The venom peptides are cationic, which means they are positively charged. This allows them to be selectively attracted to the negatively charged cancer cells, while largely ignoring the neutral membranes of healthy cells.
How Do Cancer Cells Develop Resistance and Why Don’t They Build Resistance to Venom Peptides?
Cancer cells are masters of adaptation. Most treatments – such as chemotherapy or targeted drugs – work by disrupting specific proteins or pathways inside the cell. Over time, cancer cells mutate, activate alternative pathways, or pump drugs out altogether. This makes them increasingly resistant to conventional therapies.
But venom peptides, like those from the Brazilian tarantula and the Japanese horseshoe crab, don’t play by the same rules. Instead of targeting proteins inside the cell, they attack the cell membrane directly by binding to negatively charged lipids that are abnormally exposed on cancer cells.

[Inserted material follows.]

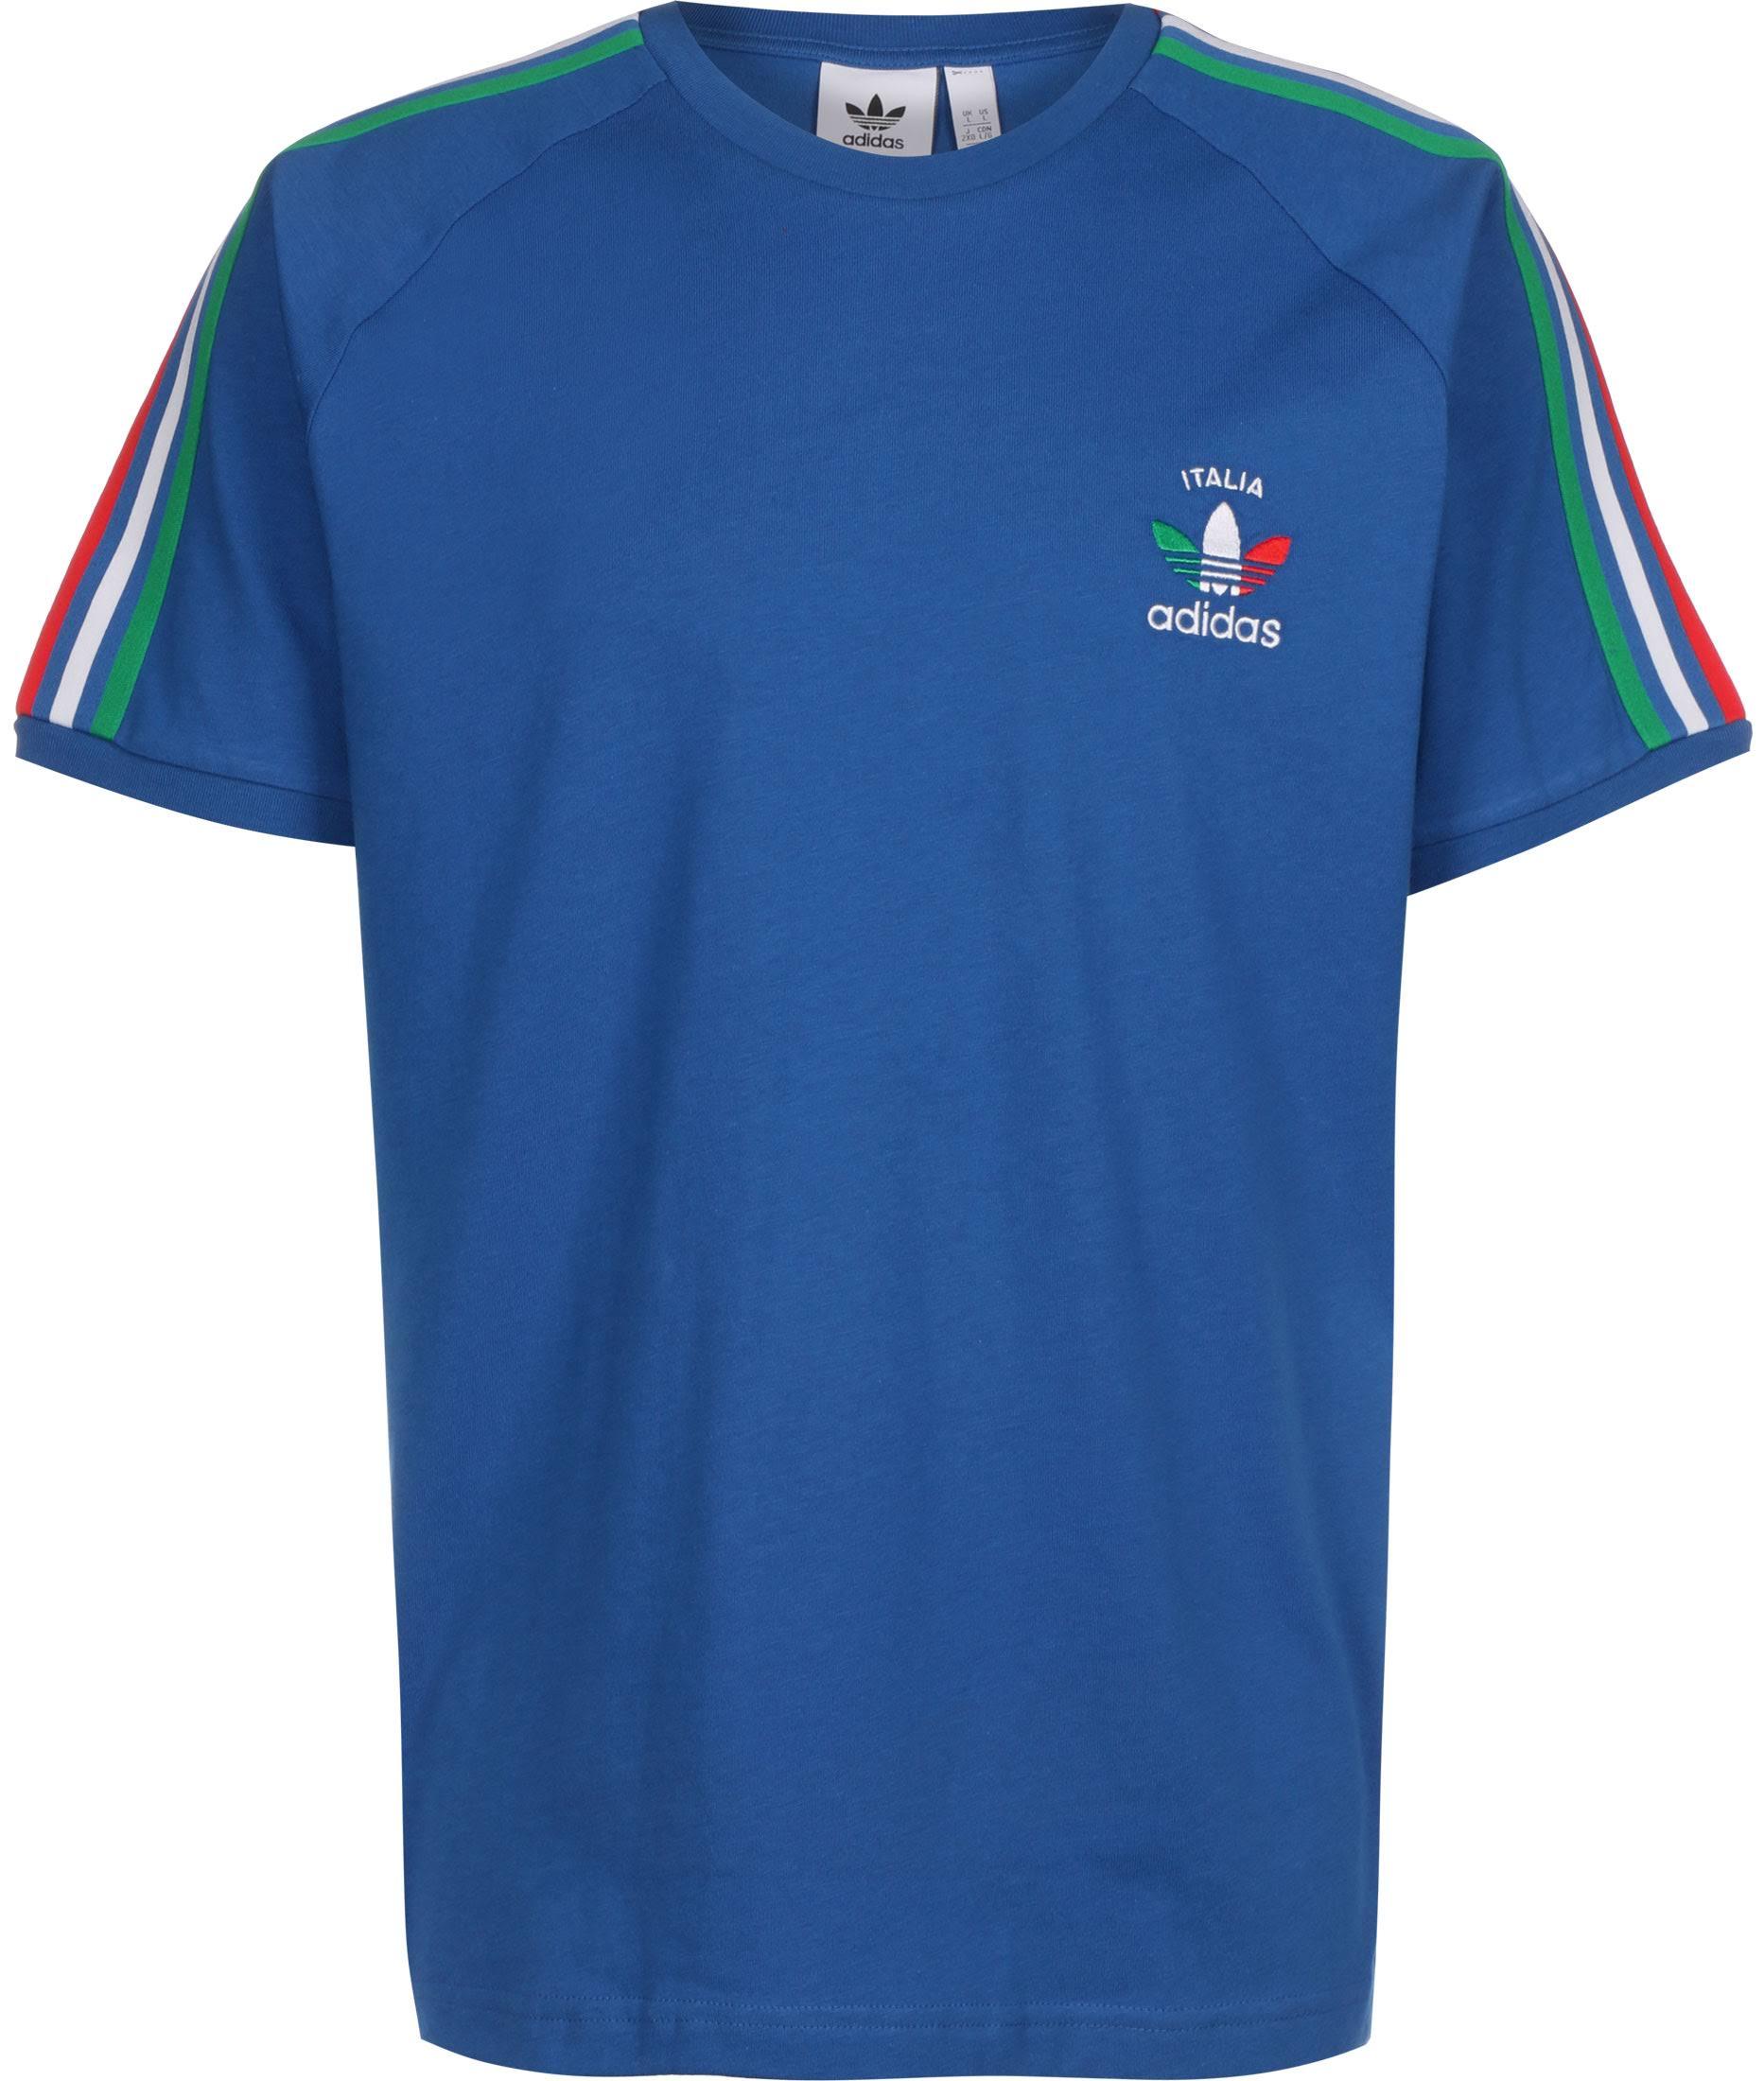 Adidas Originals 3 Stripe Italia T Shirt Blue

This leads to rapid, physical destruction of the cell, rather than a slow biochemical shutdown.
Because this attack is broad, fast, and structural, it’s much harder for cancer cells to evolve around it. Rebuilding the membrane to avoid these peptides would come at a high cost – one that most cancer cells can’t afford. That’s why venom peptides are so promising: They go where other treatments fail, leaving cancer cells with nowhere to hide.
Implications for Cancer Treatment
This discovery opens up new possibilities for treating drug-resistant forms of melanoma, a skin cancer known for its aggressive nature and high mortality rate when it metastasises.

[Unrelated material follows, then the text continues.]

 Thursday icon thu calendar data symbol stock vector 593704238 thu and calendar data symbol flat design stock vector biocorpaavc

| Region | Incidence (per 100,000/year) |
|---|---|
| Australia/New Zealand | 31–42 |
| North America | 14–18 |
| Western Europe | 19 |
| UK | ~24 |
| US (all races) | 21.9 |
| US (Non-Hispanic White, M/F) | 39.7 / 26.8 |
| Africa/Asia | <1 |
By harnessing the natural components of venom, scientists hope to develop novel therapeutic strategies that could complement or enhance existing treatments.
Biodiversity in Medical Research
The use of venom-derived peptides highlights the importance of biodiversity in medical research. Some of our best medicines have all time have come from nature (e.g. penicillin, digitoxin). We should protect species, such as the Brazilian tarantula and the Japanese horseshoe crab, as nature is likely to hold the key to future medical breakthroughs.
This discovery highlights the intricate connection between environmental conservation and advances in human health and emphasises the need to preserve natural habitats and their inhabitants.